Files
2026-05-27 21:00:28 +02:00

61 lines
1.9 KiB
Markdown

# Evaluation pipeline
Aggregates raw per-run measurements into figures (PDF + tikz) and a pgfkeys
`values.tex` for the paper.
## Run
With Docker (reproducible toolchain):
docker compose up --build
Outputs land in `out/`:
- `out/values.tex` -- all `\val{...}` keys for the paper
- `out/<experiment>/*.pdf` -- per-experiment figures
- `out/<experiment>/*.tex` -- tikz versions (via `make tikz`)
Without Docker, requires R (with renv), Python 3.12+, uv, LaTeX (for
tikzDevice's metric probe). Then:
make all
## Targets
- `make all` (= `figures values`)
- `make figures` -- PDFs for all experiments
- `make tikz` -- tikz `.tex` for all experiments
- `make values` -- regenerate `out/values.tex` only
- `make derive` -- aggregate raw data into `derived/<experiment>/*.csv`
- `make sanity` -- shape + NaN + solution-coverage checks on derived CSVs
## Configuration
`RAW_DATA_ROOT` controls where the aggregator reads raw aggregates from.
Precedence (highest first):
1. command line: `make RAW_DATA_ROOT=/mnt/data ...`
2. environment: `RAW_DATA_ROOT=/mnt/data make ...`
3. `local.mk` (copy from `local.mk.example`)
4. Makefile default: `../raw_data`
For Docker, the same variable picks the host path that gets bind-mounted as
`/raw_data` inside the container:
RAW_DATA_ROOT=/mnt/data docker compose up
## Layout
analysis/ Python: aggregation, sanity, gen_values, plugins
values/ one plugin per metric family (cpu, rtt, idt, ...)

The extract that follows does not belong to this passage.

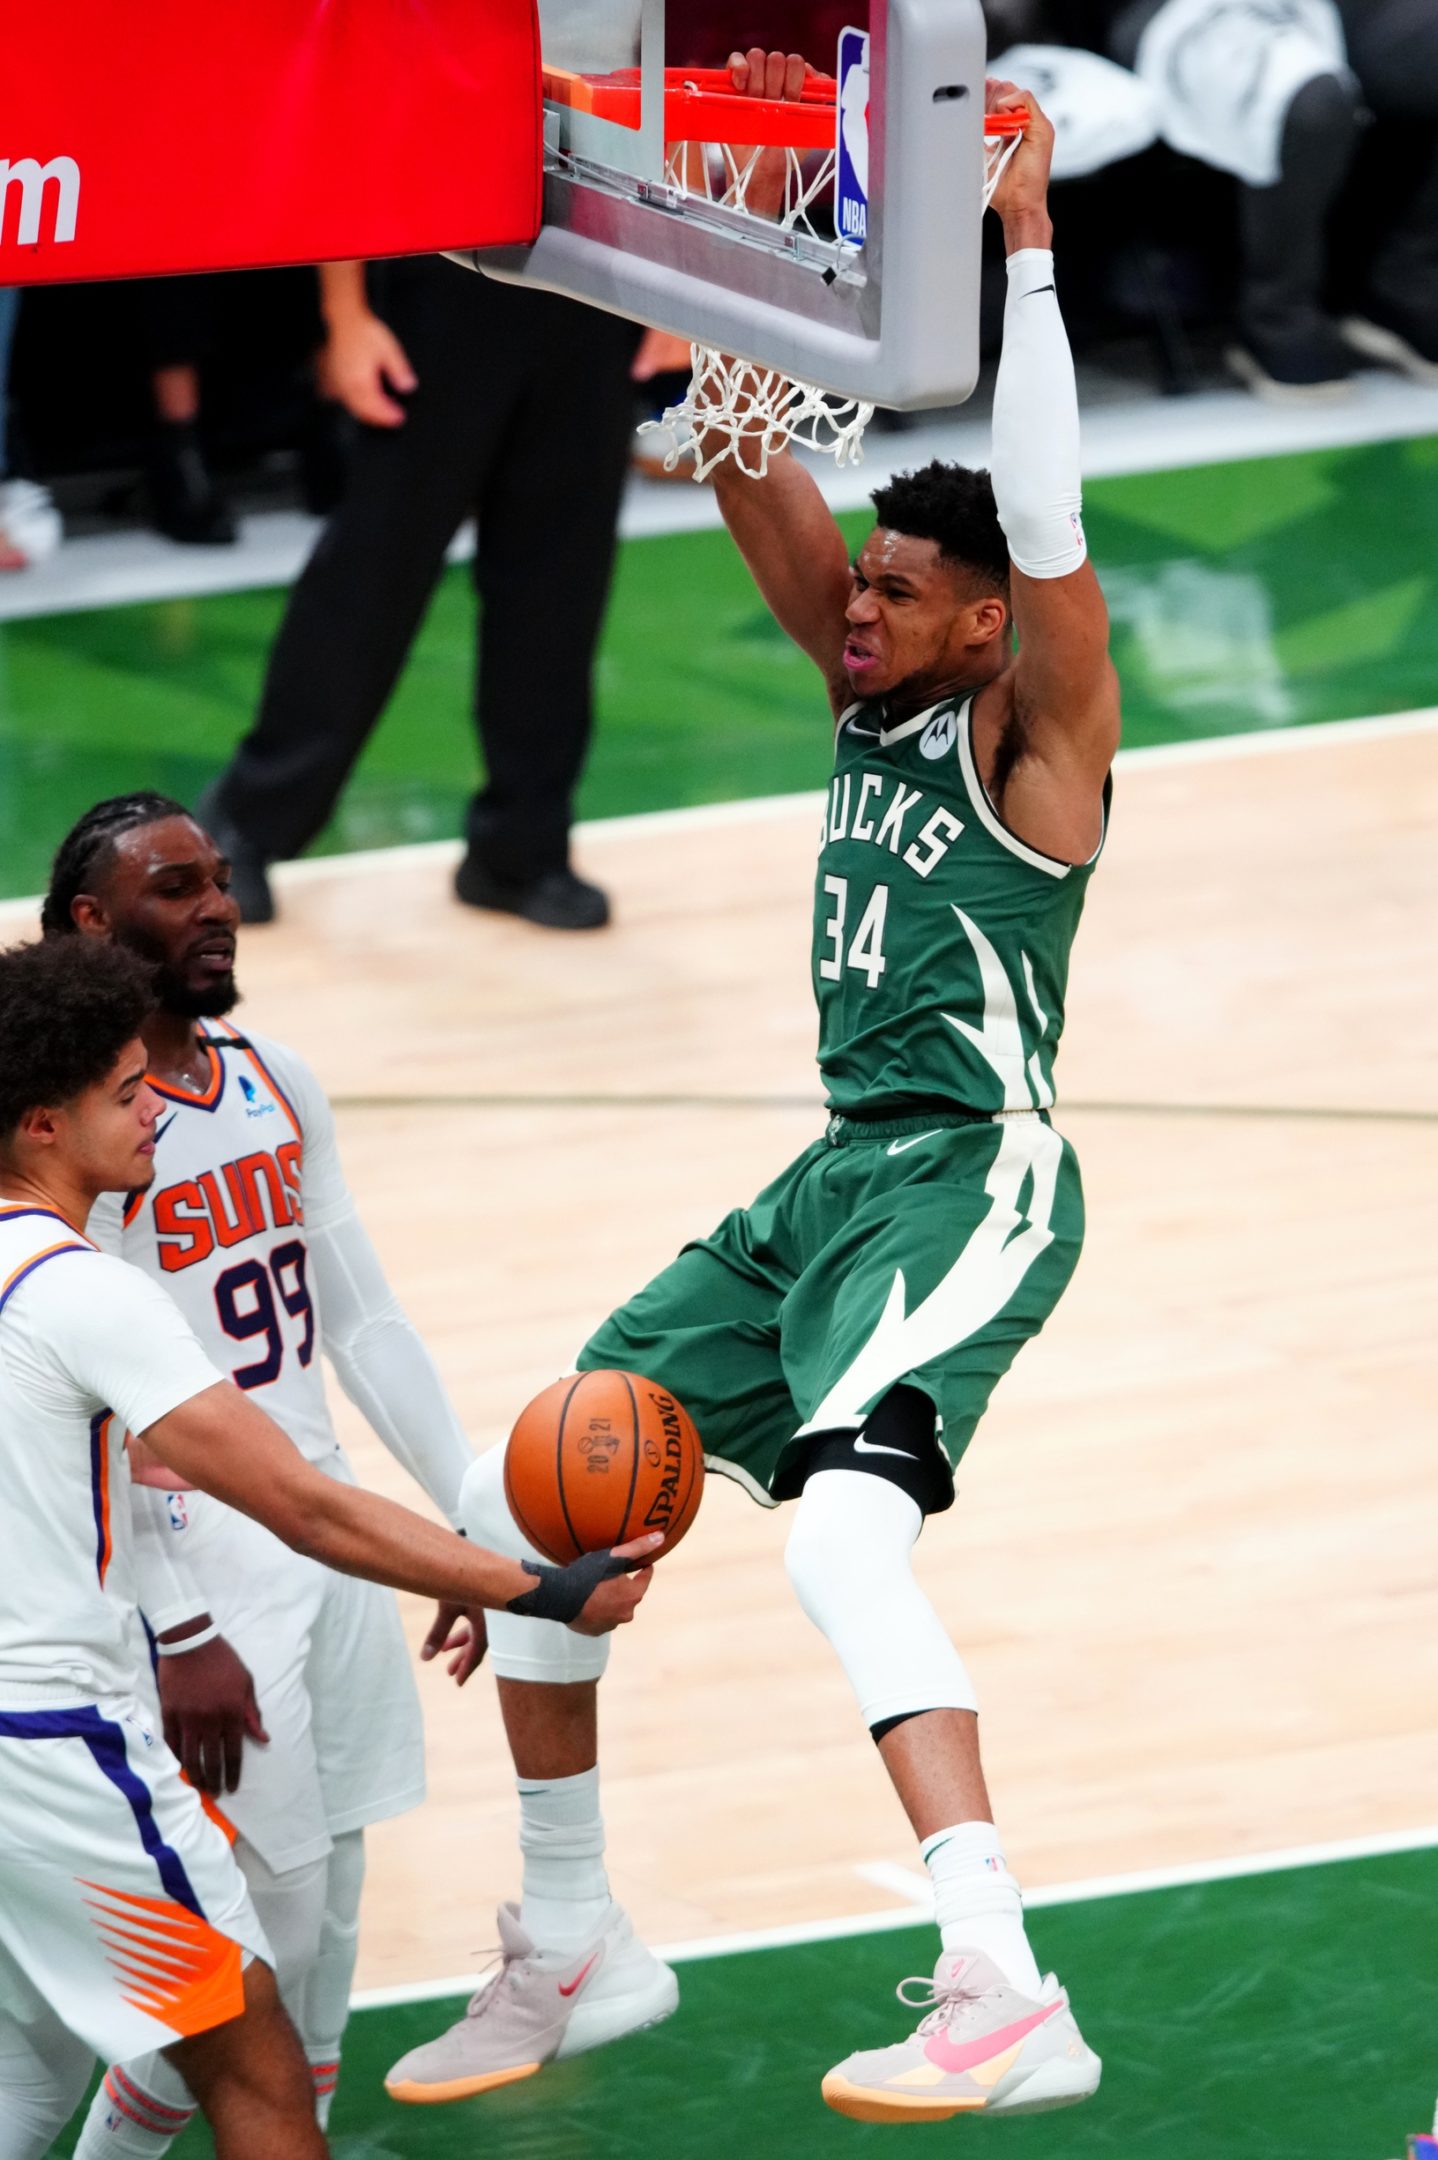 giannis earned edition jersey
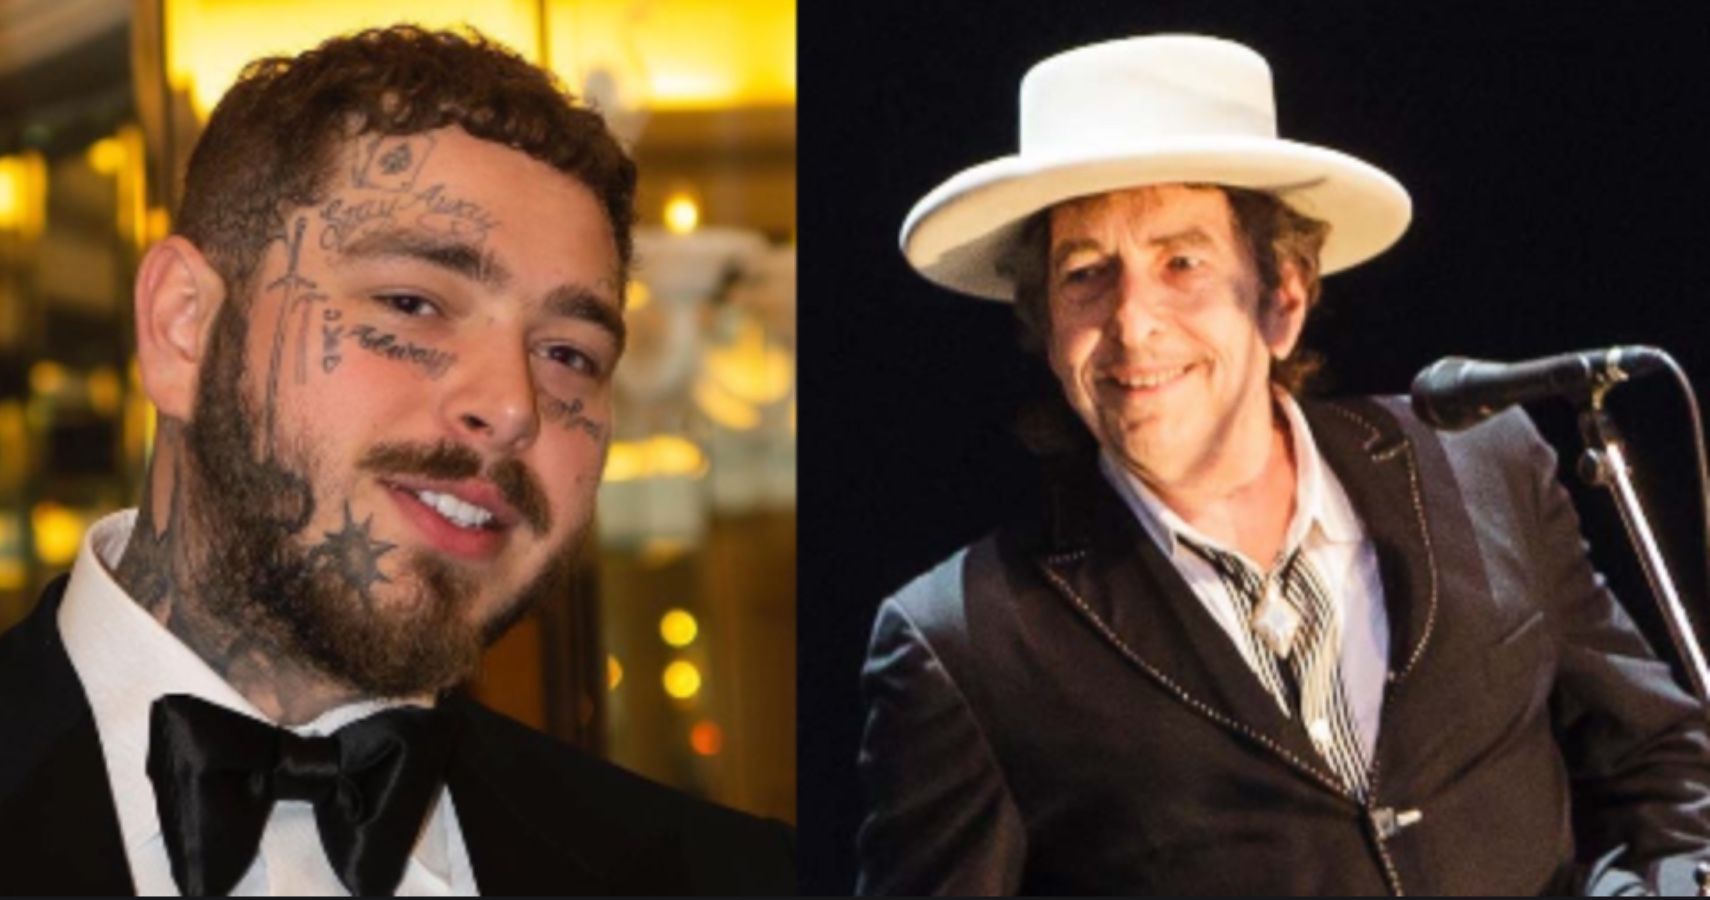 Bob Dylan Slid Into Post Malone’s DMs With A Purpose

figures/ R: ggplot scripts, common.R, renv.lock
out/ generated (gitignored)
derived/ intermediate CSVs (gitignored)
## Plugins
`analysis/values/*.py` each expose `compute(derived) -> (keys, sources)`.
Keys are pgfkeys paths (e.g. `datacenter-fq/sender-cpu/cake/mean-pct`);
`gen_values.py` merges them, wraps numbers in `\qty{}{}` / `\num{}` by
suffix, and writes one `values.tex`. Add a new metric by dropping a new
plugin into `analysis/values/`.